»Haben Sie Geld?«
»Ich bin im Wind- und Wettermachen bewandert.«
»Ich bin selbst Wettermacher. Haben Sie nichts? Kein Geld?«
Die Inselleute von Untertorning zahlten Ged, so gut sie es vermochten, mit den Elfenbeinmarken, die unter den Händlern des Inselreichs in Umlauf waren. Er hatte nur zehn davon genommen, obwohl sie ihm mehr geben wollten. Diese bot er nun dem Mann von Osskil an, aber der schüttelte den Kopf. »Diese Marken benutzen wir nicht. Wenn Sie nichts anderes zu zahlen haben, kann ich Sie nicht mitnehmen.«
»Brauchen Sie noch Ruderer? Ich habe Erfahrung, ich habe schon auf einem Schiff gerudert.«
»Ja, das ginge. Uns fehlen zwei Leute. Suchen Sie sich Ihren Platz auf der Bank«, sagte der Kapitän und kümmerte sich nicht weiter um Ged.
So kam es, daß Ged, nachdem er seinen Stab und seine Bücher unter dem Sitz verstaut hatte, zehn bittere Wintertage lang Ruderer auf diesem Schiff des Nordens wurde. Bei Tagesanbruch verließen sie Orrimy, und an diesem ersten Tag war Ged fast sicher, daß er den Anstrengungen nicht gewachsen sein würde. Sein linker Arm war von den alten Wunden in seiner Schulter noch etwas gelähmt, und obwohl er viel in den Kanälen von Untertorning herumgerudert war, so konnte m an dieses Vergnügungsrudern doch kaum vergleichen mit dem anstrengenden, unaufhörlichen Ziehen an der langen Ruderstange zum gleichmäßigen Takt der Trommel. Alle zwei bis drei Stunden wurden sie von einer neuen Schicht abgelöst, aber das Ausruhen schien Ged gerade lang genug zu sein, um seine Muskeln völlig erstarren zu lassen, bevor es ans Weiterrudern ging. Der zweite Tag war fast noch schlimmer als der erste, aber dann gewöhnte er sich an die harte Arbeit, und sie fiel ihm etwas leichter.

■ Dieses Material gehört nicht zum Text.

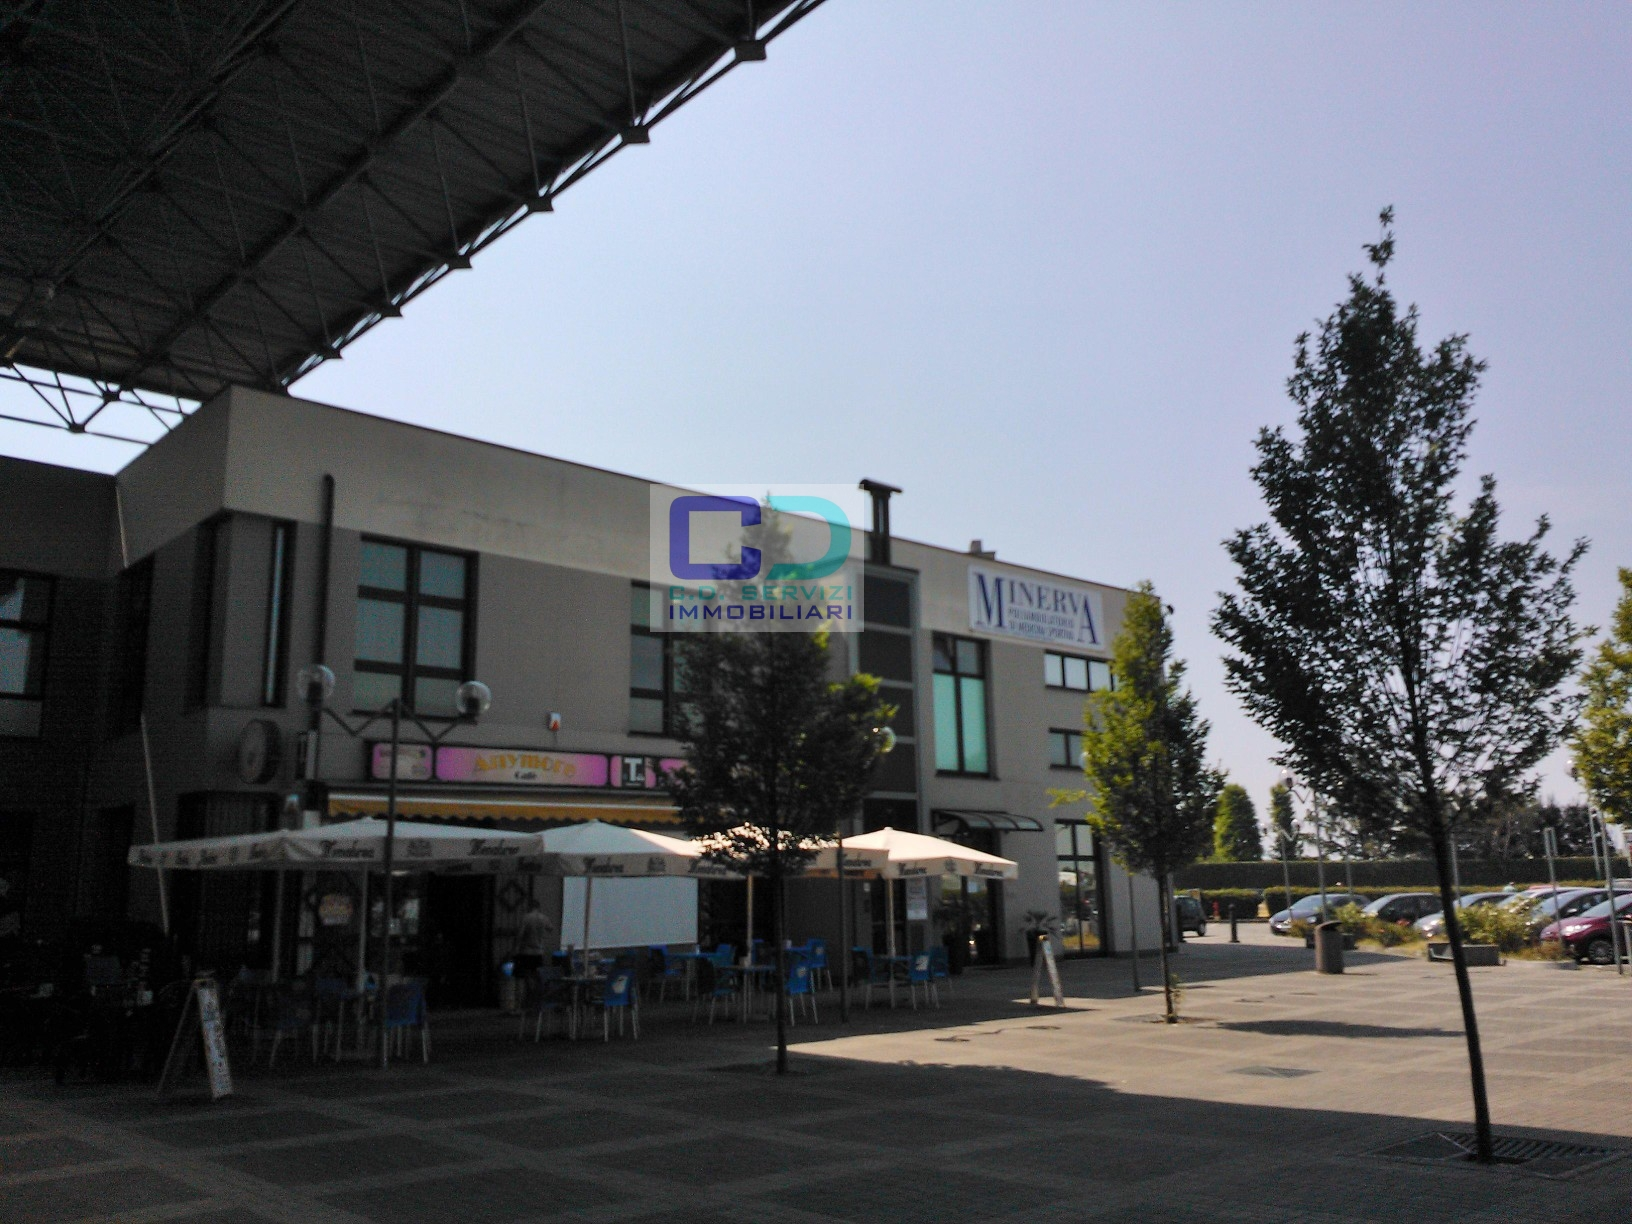 Negozio / Locale in affitto a Cassano d'Adda, 9999 locali, prezzo € 1.200   PortaleAgenzieImmobiliari.it

Die Geselligkeit, die auf der Schatten die Fahrt nach Rok damals so unterhaltend gemacht hatte, fehlte auf diesem Schiff. Die Männer, die auf gontischen oder andradischen Schiffen arbeiten, sind am Gewinn beteiligt und arbeiten auf einen gemeinsamen Gewinn hin. Die Handelsschiffe von Osskil dagegen verwenden Sklaven oder Lehnsleute oder sie stellen Leute ein, denen sie ihre Löhne in kleinen Goldstücken auszahlen. Gold gilt nämlich als etwas ganz Besonderes in Osskil. Aber das Gold macht sie nicht froh, und es kommt nie eine Kameradschaftlichkeit unter ihnen auf, genausowenig wie unter den Drachen, die ja ebenso goldgierig sind. Da die Hälfte der Mannschaft aus Unfreien bestand, die zur Arbeit gezwungen wurden, waren die Vorgesetzten meist nichts anderes als Sklaventreiber, die sich keineswegs durch Milde auszeichneten. Ihre Peitschen vermieden zwar die Rücken der Leute, die für Besoldung ruderten, aber zwischen Menschen, die ausgepeitscht und solchen, die davor verschont werden, kann keine Freundschaft aufkommen. Sie redeten nur sehr wenig untereinander, und zu Ged sprachen sie überhaupt nicht. Die meisten kamen aus Osskil und sprachen kein reines Hardisch wie am Innenmeer, sondern hatten ihren eigenen Dialekt. Es waren meist mürrische Gesellen mit bleichen Gesichtern, dünnen, schwarzen Schnurrbärten und fettigem Haar. Ged nannten sie Kelub, übersetzt heißt das »der Rote«. Obwohl sie wußten, daß er ein Zauberer war, erwiesen sie ihm keinerlei Respekt, sondern waren eher auf eine heimtückische Weise gehässig. Ihm selbst lag nichts daran, Freunde zu gewinnen. Selbst wenn er auf der Bank saß und an dem gewaltigen Rhythmus des Ruderns teilnahm, einer unter sechzig, die das Schiff pfeilschnell über das öde graue Meer dahinjagten, selbst dann fühlte er sich seinem Schicksal schutzlos preisgegeben. Kamen sie abends in einen fremden Hafen, so wickelte er sich todmüde in seinen Umhang und versuchte zu schlafen, aber gequält von Träumen wachte er immer wieder auf. Es waren schlimme Träume, an die er sich, wenn er wach wurde, nicht mehr erinnern konnte, aber sie schienen mit dem Schiff und den Menschen auf dem Schiff zusammenzuhängen, so daß er jedermann gegenüber mißtrauisch war.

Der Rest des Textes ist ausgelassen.